Return every line of the data below exactly, but do not include the images.

Raw data:
⟨

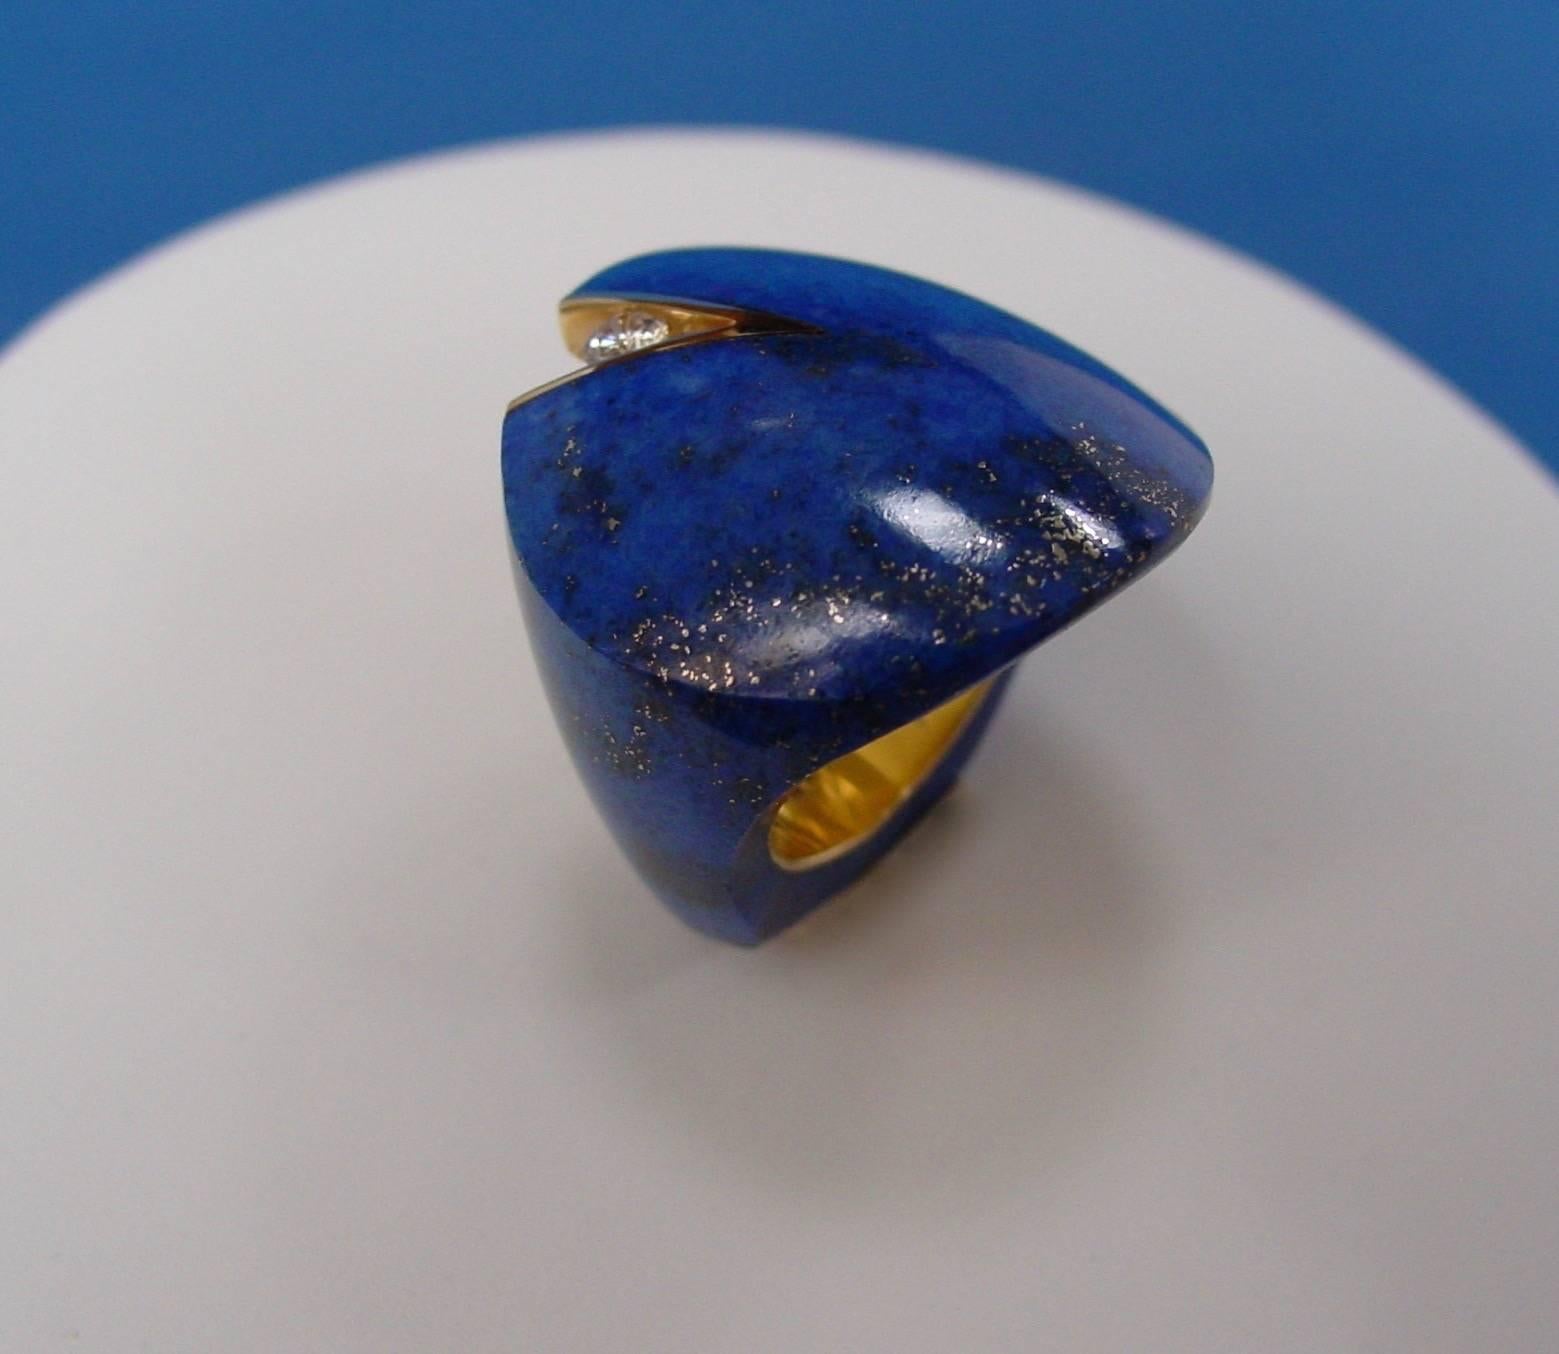 This unique and very lovely ring is composed of a single carved piece of lapis lazuli, lined in 18 karat yellow gold and artfully accented by a round brilliant diamond. Engraved 750 BDW
Ring is sized 7 1/2 and is not sizable
Approximate diamond

⟩

Answer to this problem:
 This unique and very lovely ring is composed of a single carved piece of lapis lazuli, lined in 18 karat yellow gold and artfully accented by a round brilliant diamond. Engraved 750 BDW
Ring is sized 7 1/2 and is not sizable
Approximate diamond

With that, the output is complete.